■ **How to complete this task**
Your copy of the listing must be exact and must hold no images.

■ **The data**

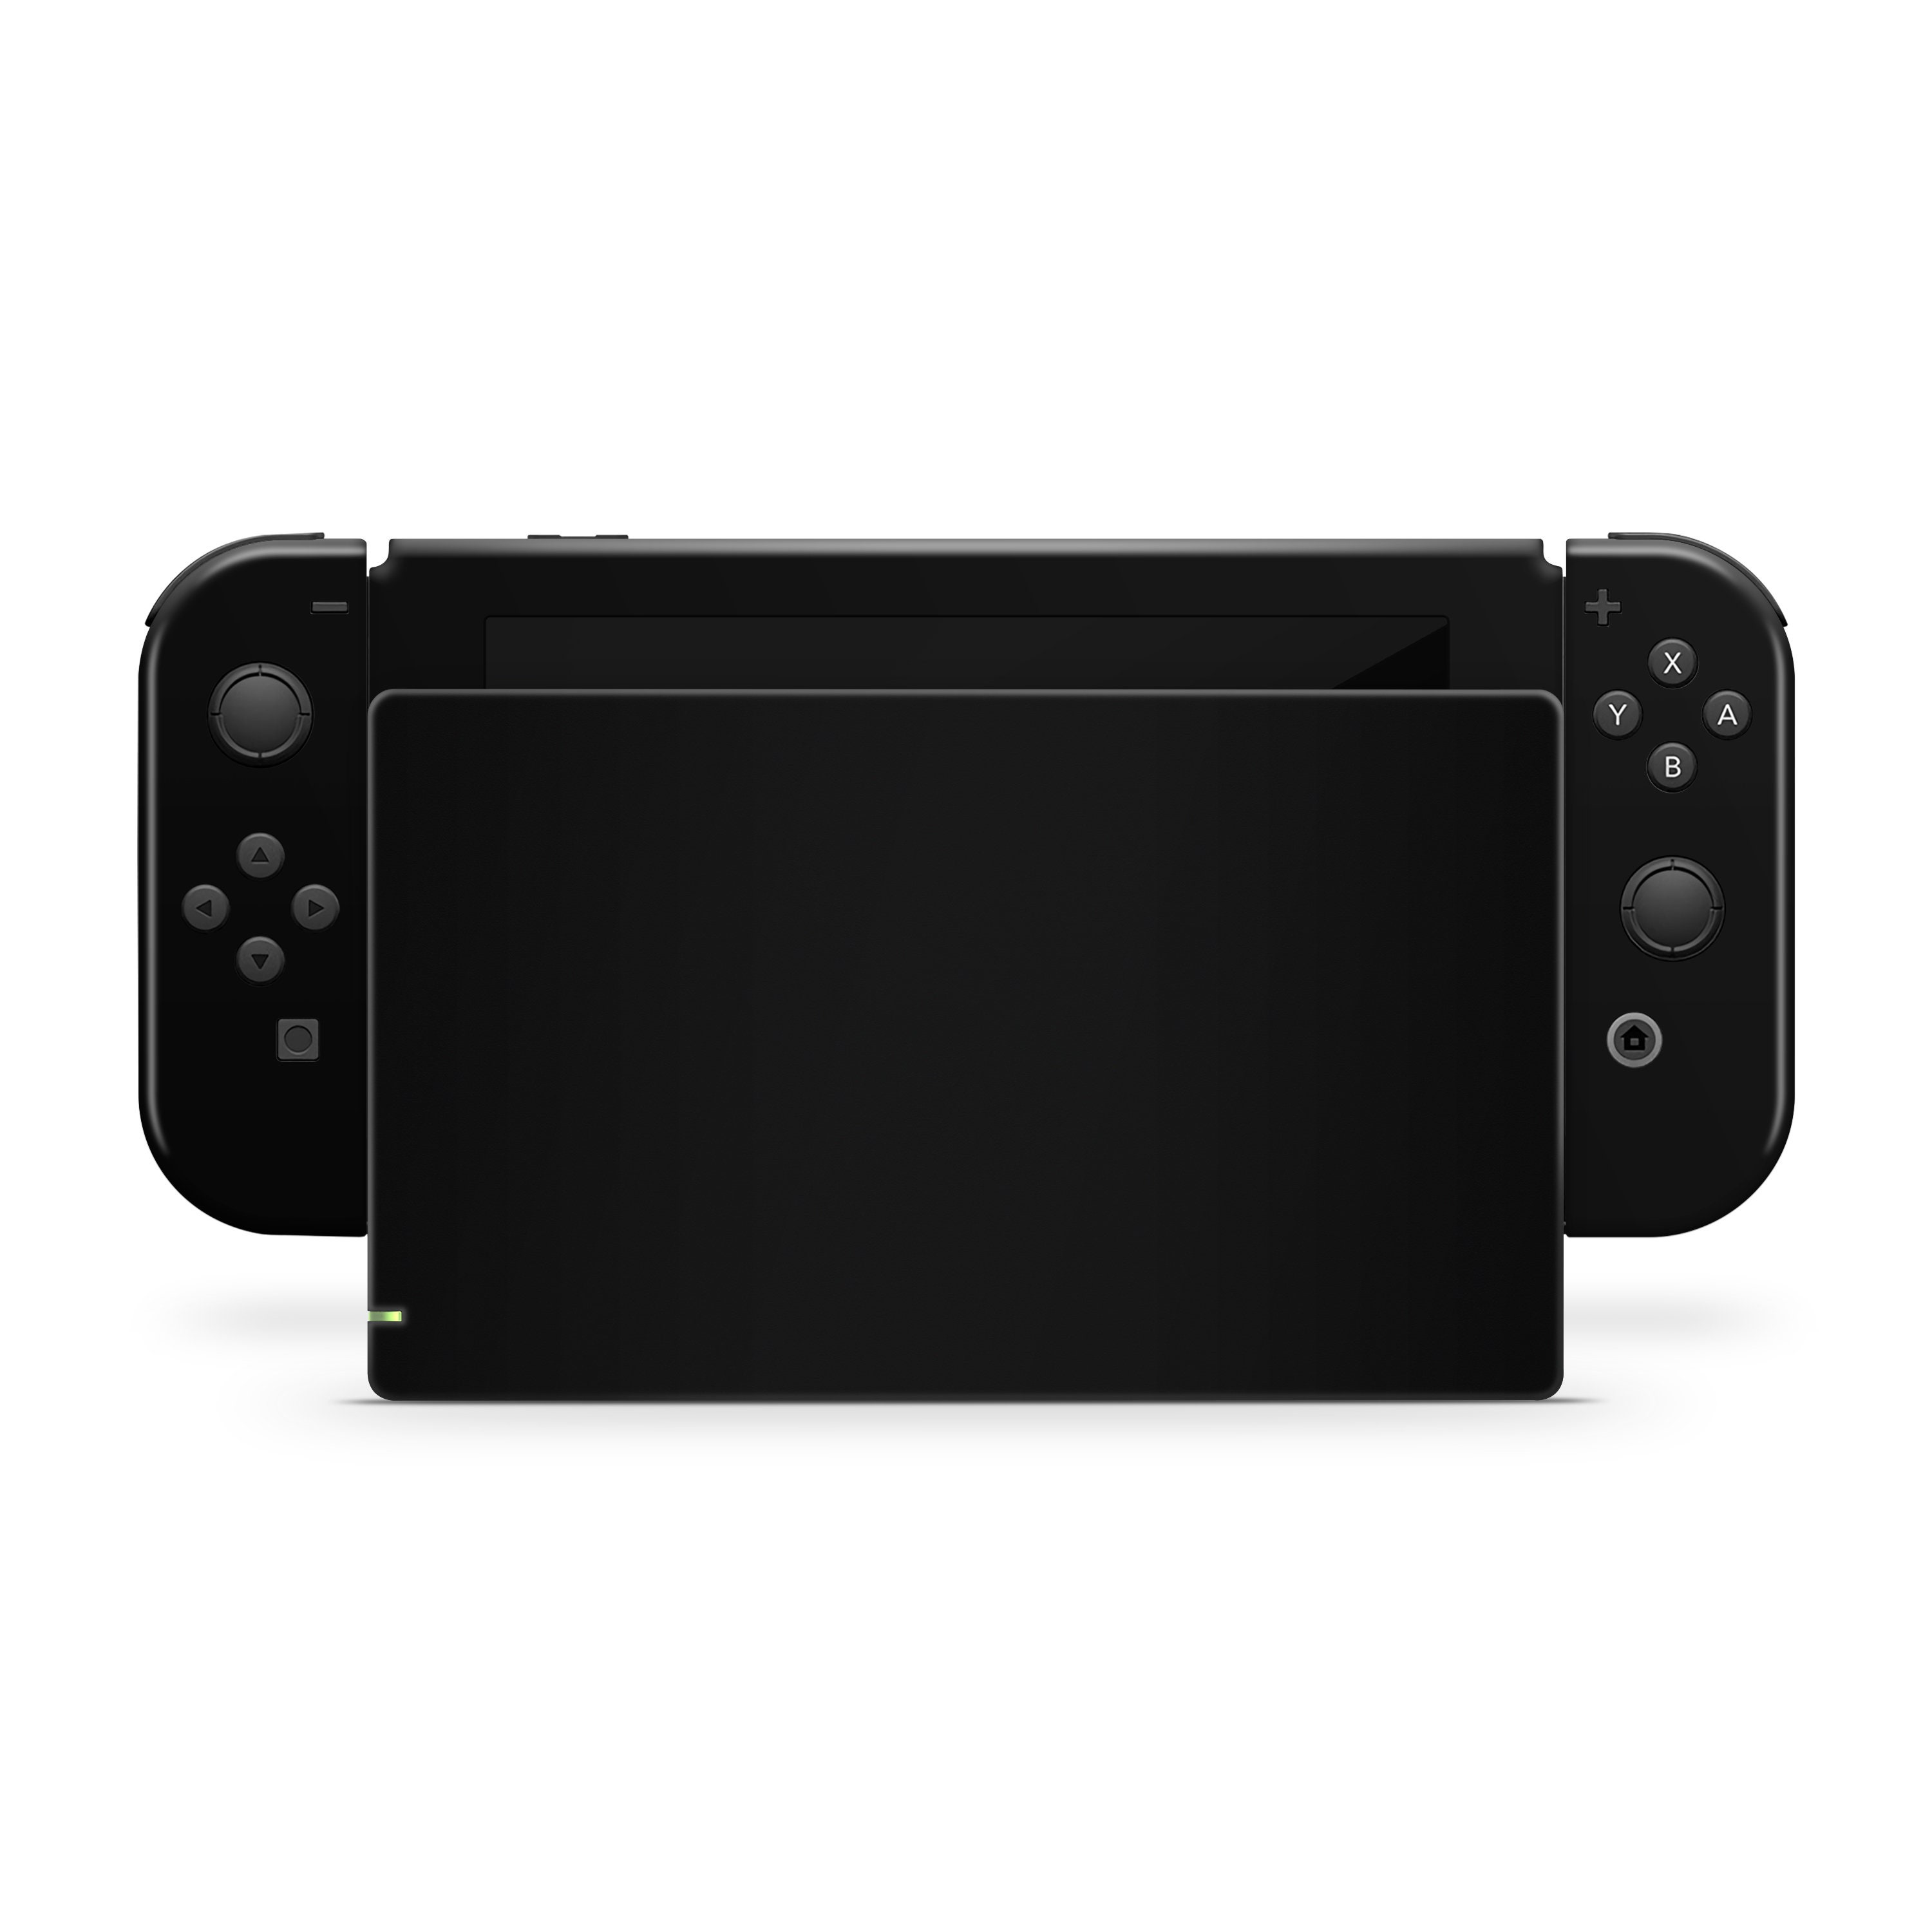 Nintendo Switch Skin // Schwarzer Aufkleber für Joy-Con Gaming Controller  Konsole & Dock // OLED Standard - .de
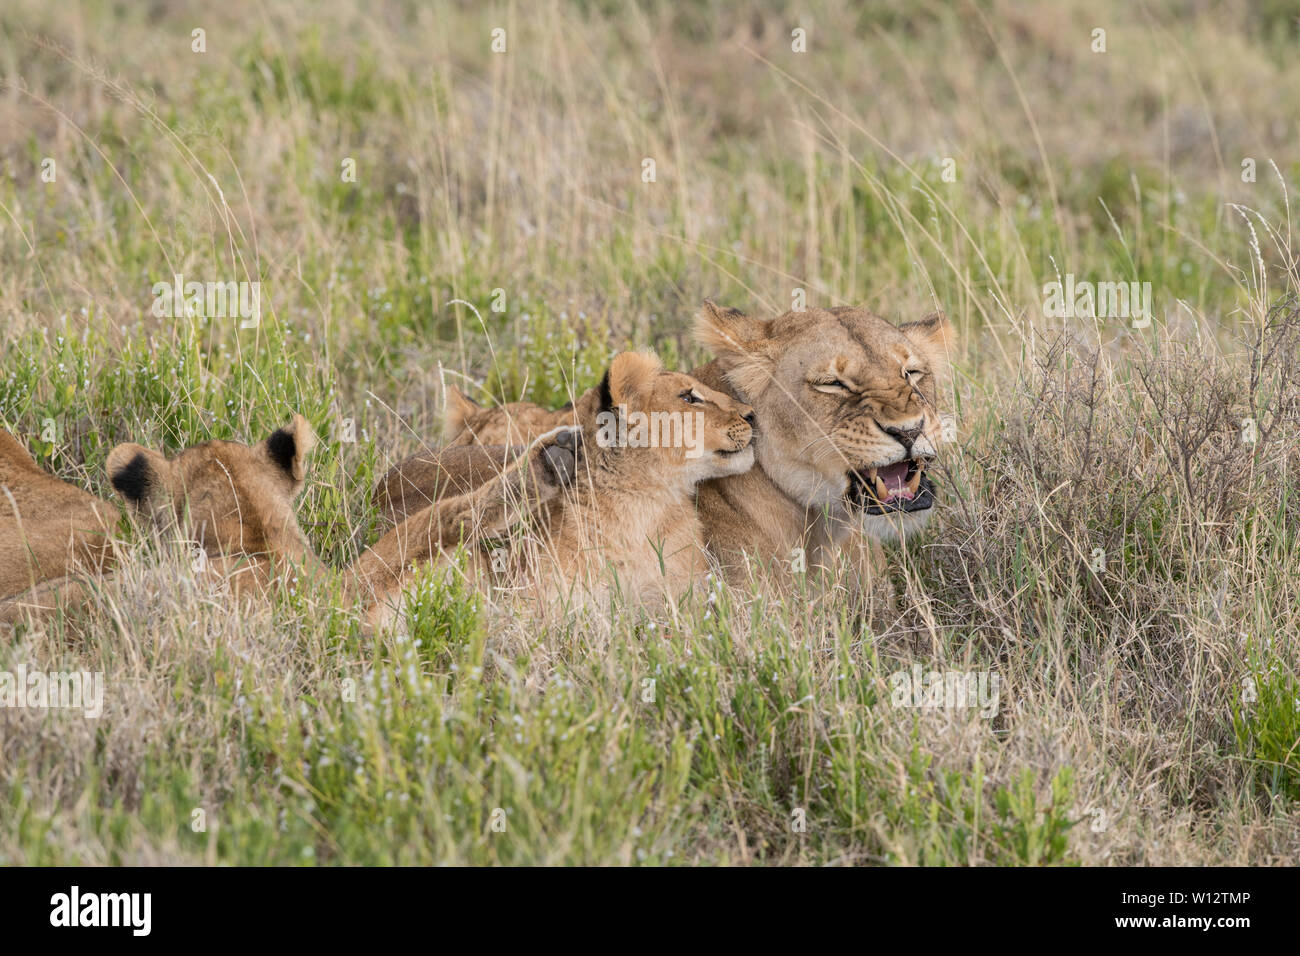 lion-cub-greeting-mom-stock-photo-alamy
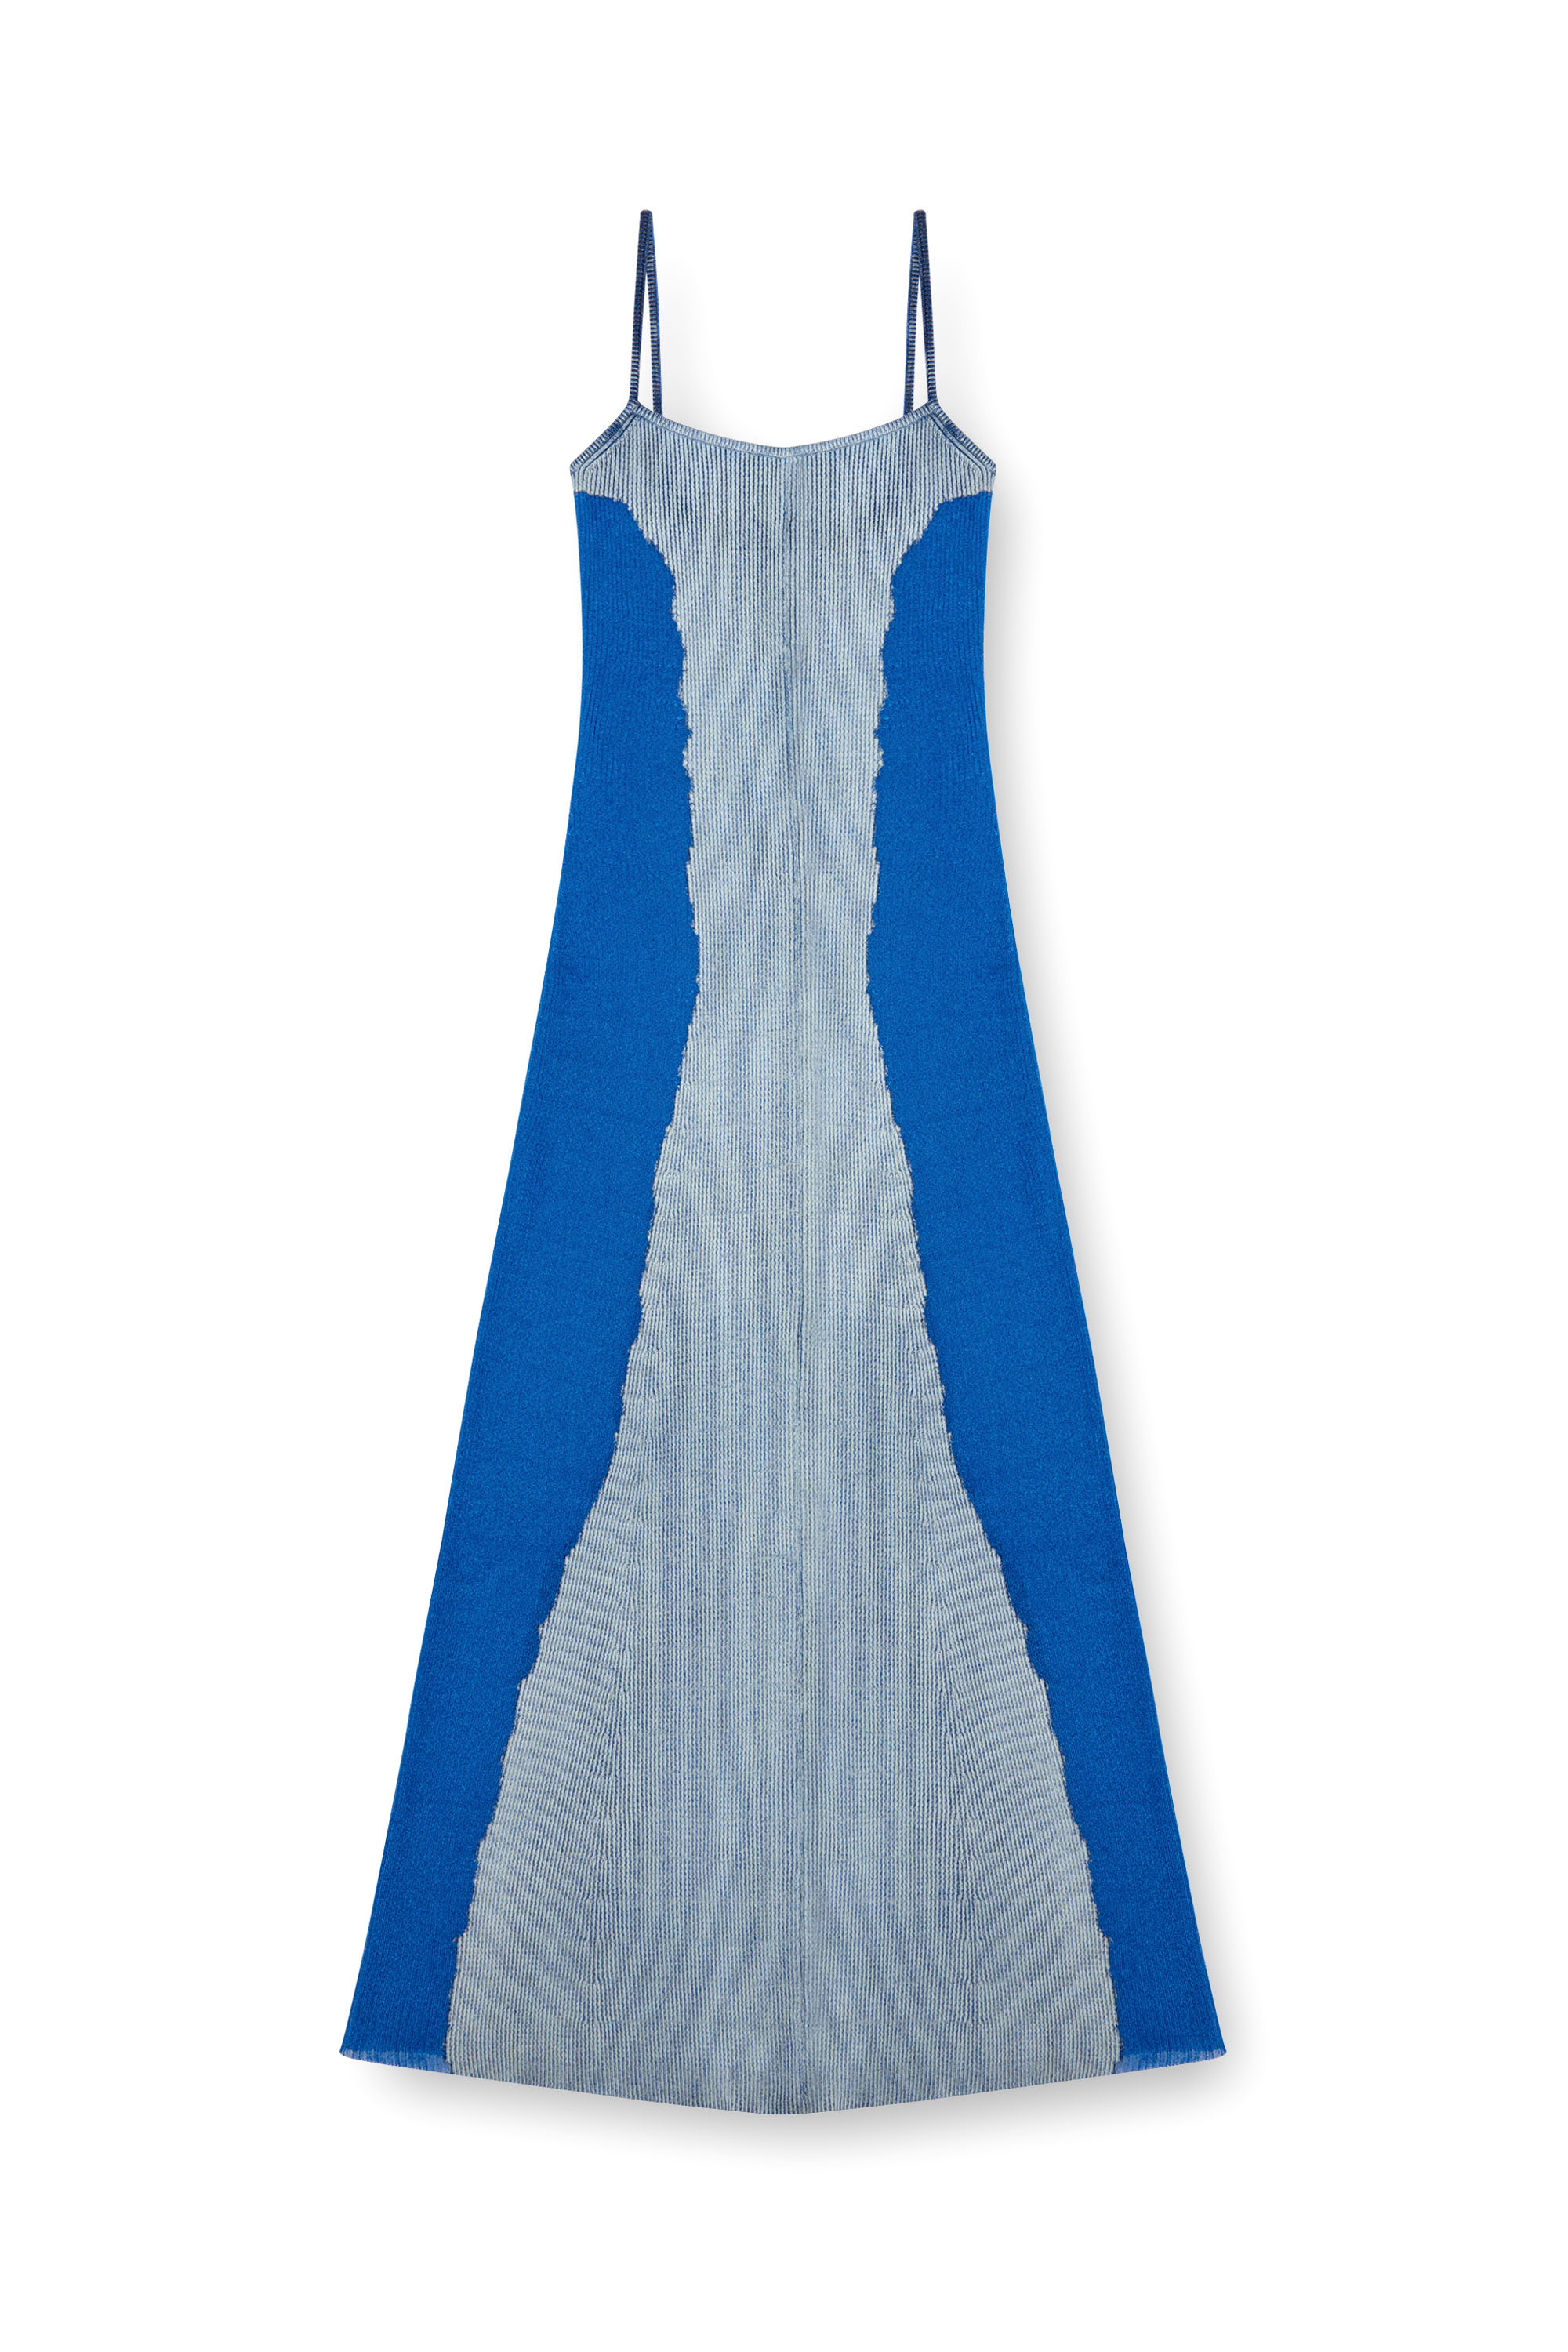 Diesel - M-EDAGLIA, Femme Robe nuisette midi en maille dévorée in Bleu - Image 2

■ **Solution to this problem**
 Nintendo Switch Skin // Schwarzer Aufkleber für Joy-Con Gaming Controller  Konsole & Dock // OLED Standard - .de
 lion-cub-greeting-mom-stock-photo-alamy
 Diesel - M-EDAGLIA, Femme Robe nuisette midi en maille dévorée in Bleu - Image 2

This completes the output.